# THE DATA
+--

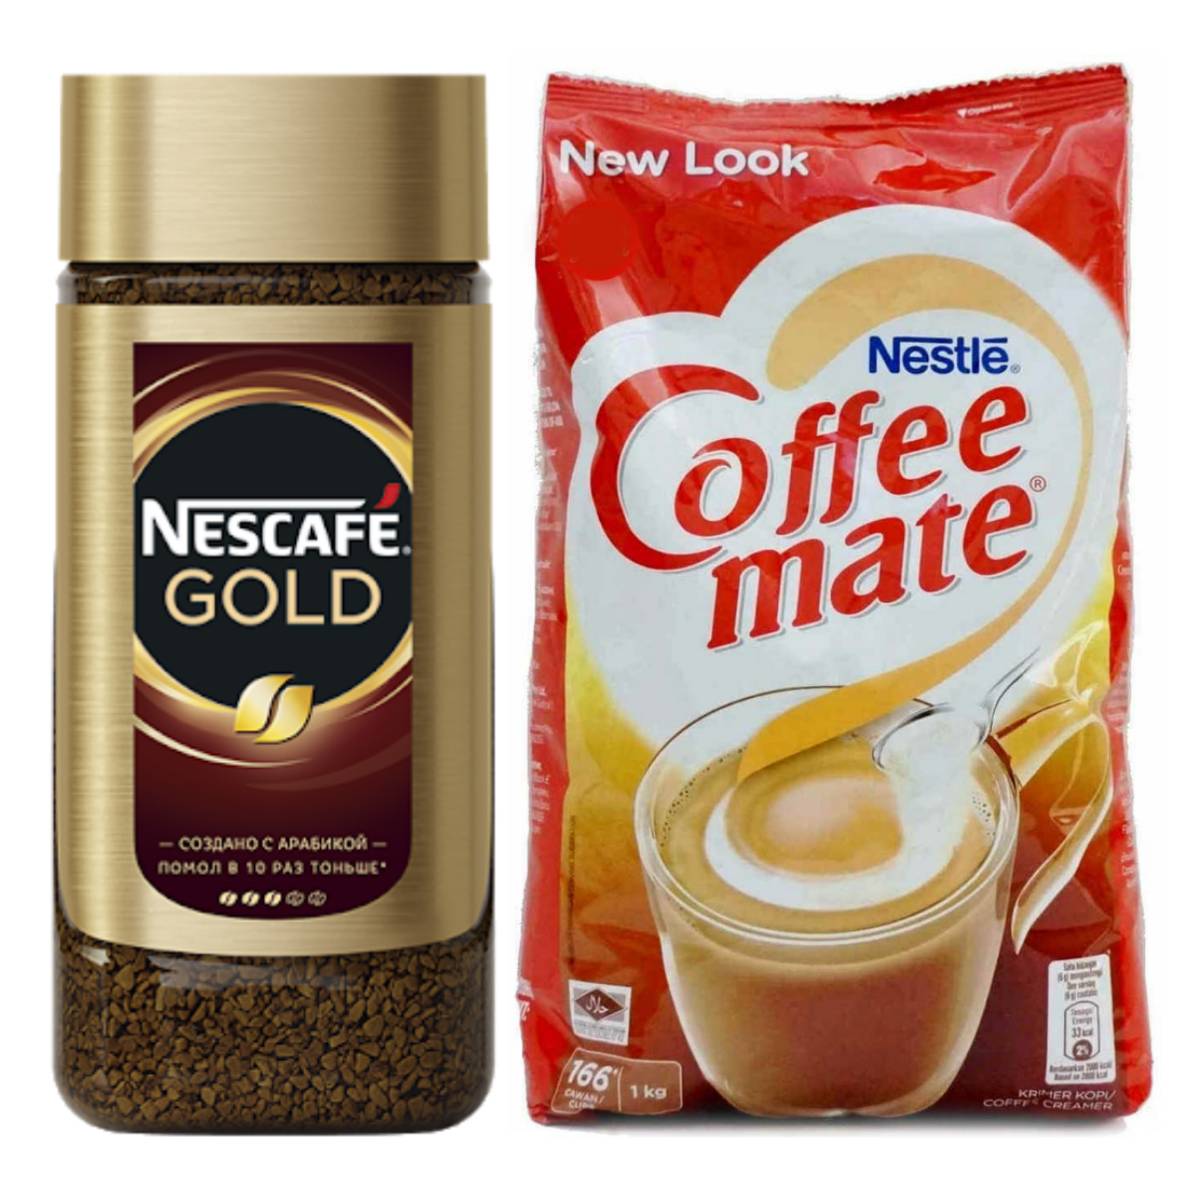 قهوه فوری گلد نسکافه - ۱۹۰ گرم به همراه کافی میت نستله - ۱ کیلوگرم
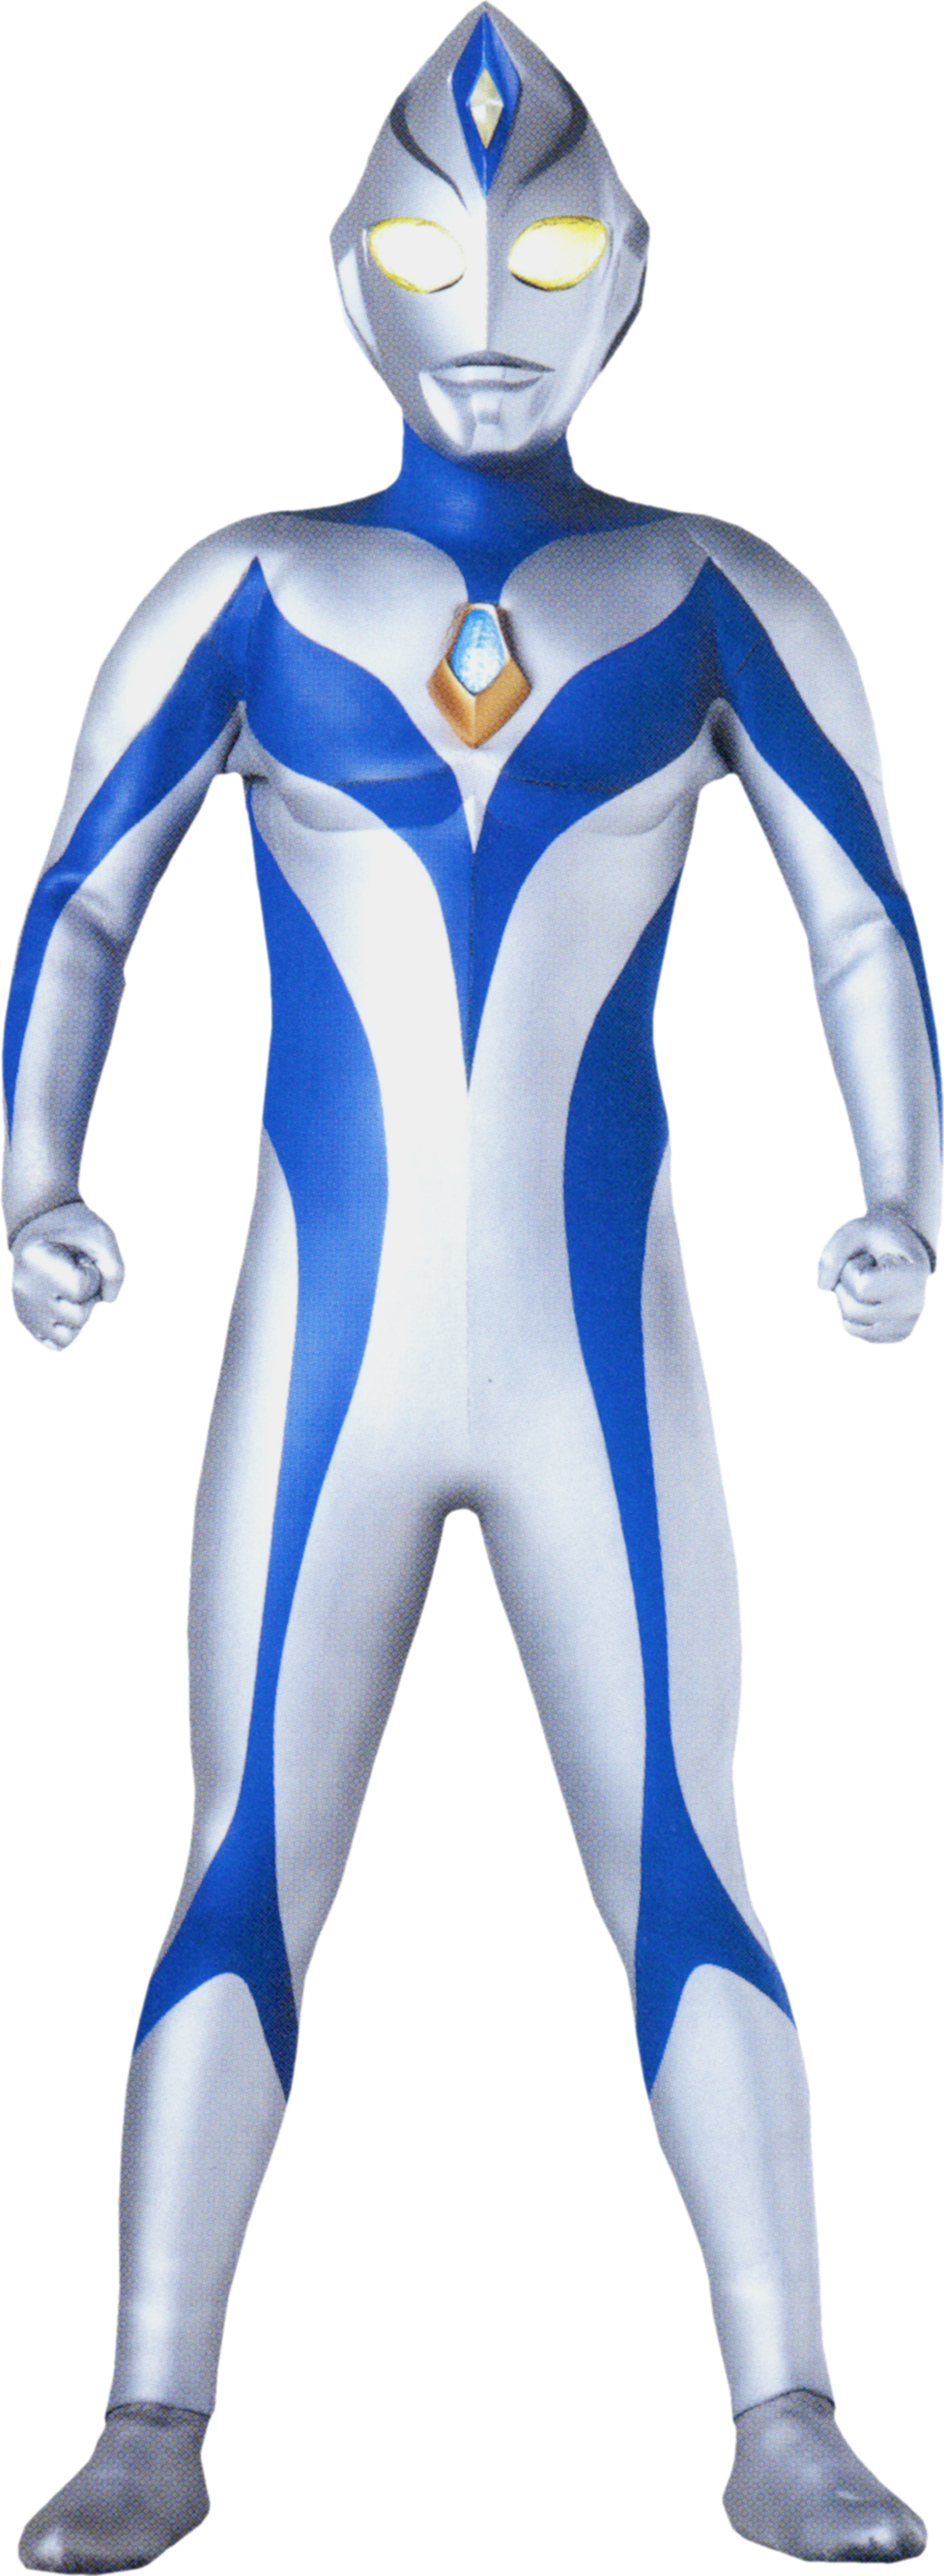  Ultraman  Blue  Ultraman  World
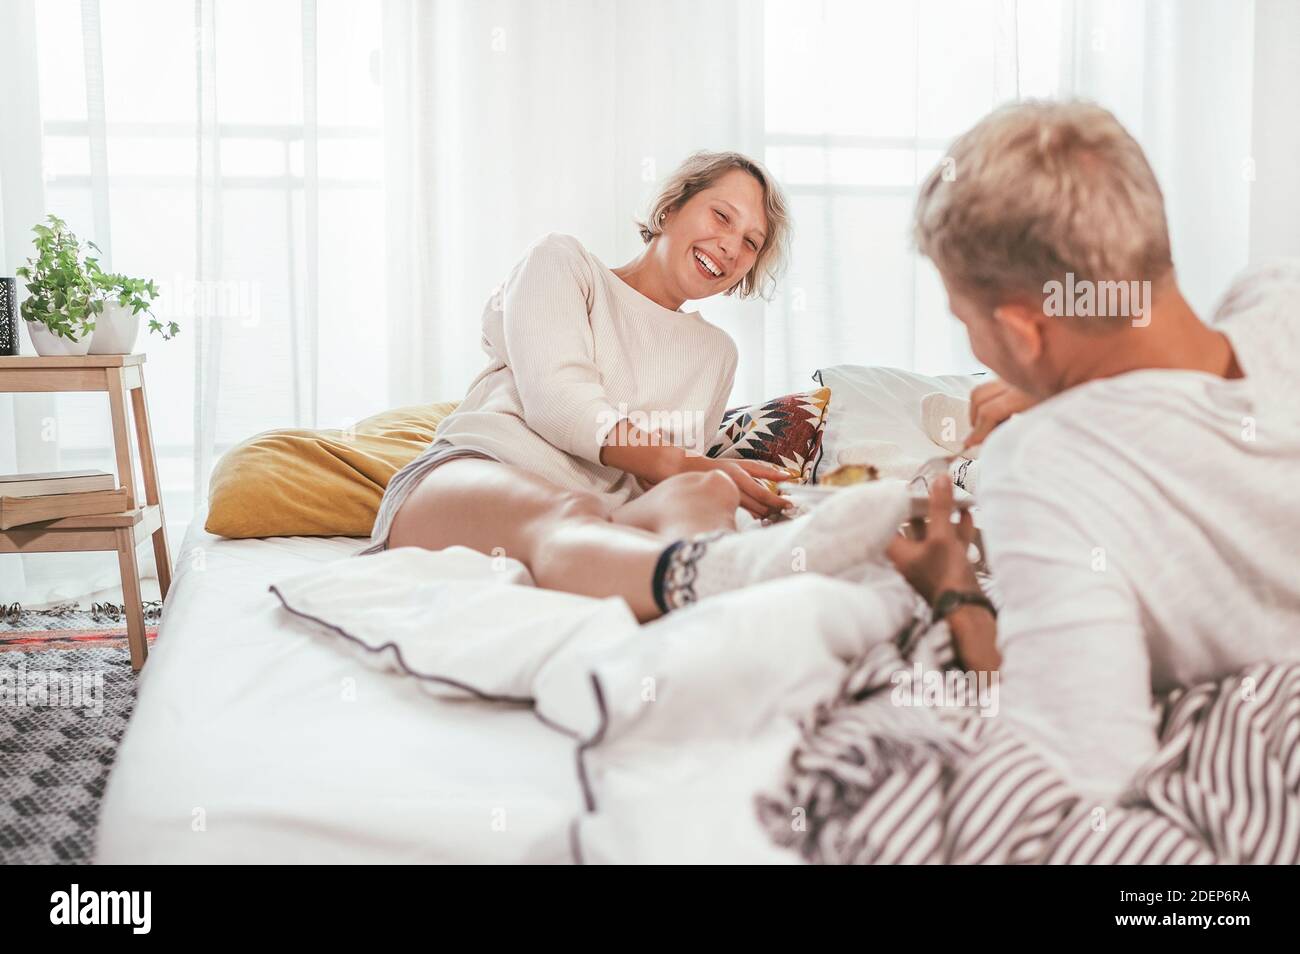 Lachend blonde Haare junge Erwachsene Paar in Pyjamas faul entspannen in einem gemütlichen Bett im Schlafzimmer liegen und mit einem friedlich unbeschwerten Plaudern. Paar Stockfoto

+--

# YOUR TASK
Write out the material exactly as it stands, omitting every picture.

# WRITTEN REPLY
 قهوه فوری گلد نسکافه - ۱۹۰ گرم به همراه کافی میت نستله - ۱ کیلوگرم
  Ultraman  Blue  Ultraman  World
 Lachend blonde Haare junge Erwachsene Paar in Pyjamas faul entspannen in einem gemütlichen Bett im Schlafzimmer liegen und mit einem friedlich unbeschwerten Plaudern. Paar Stockfoto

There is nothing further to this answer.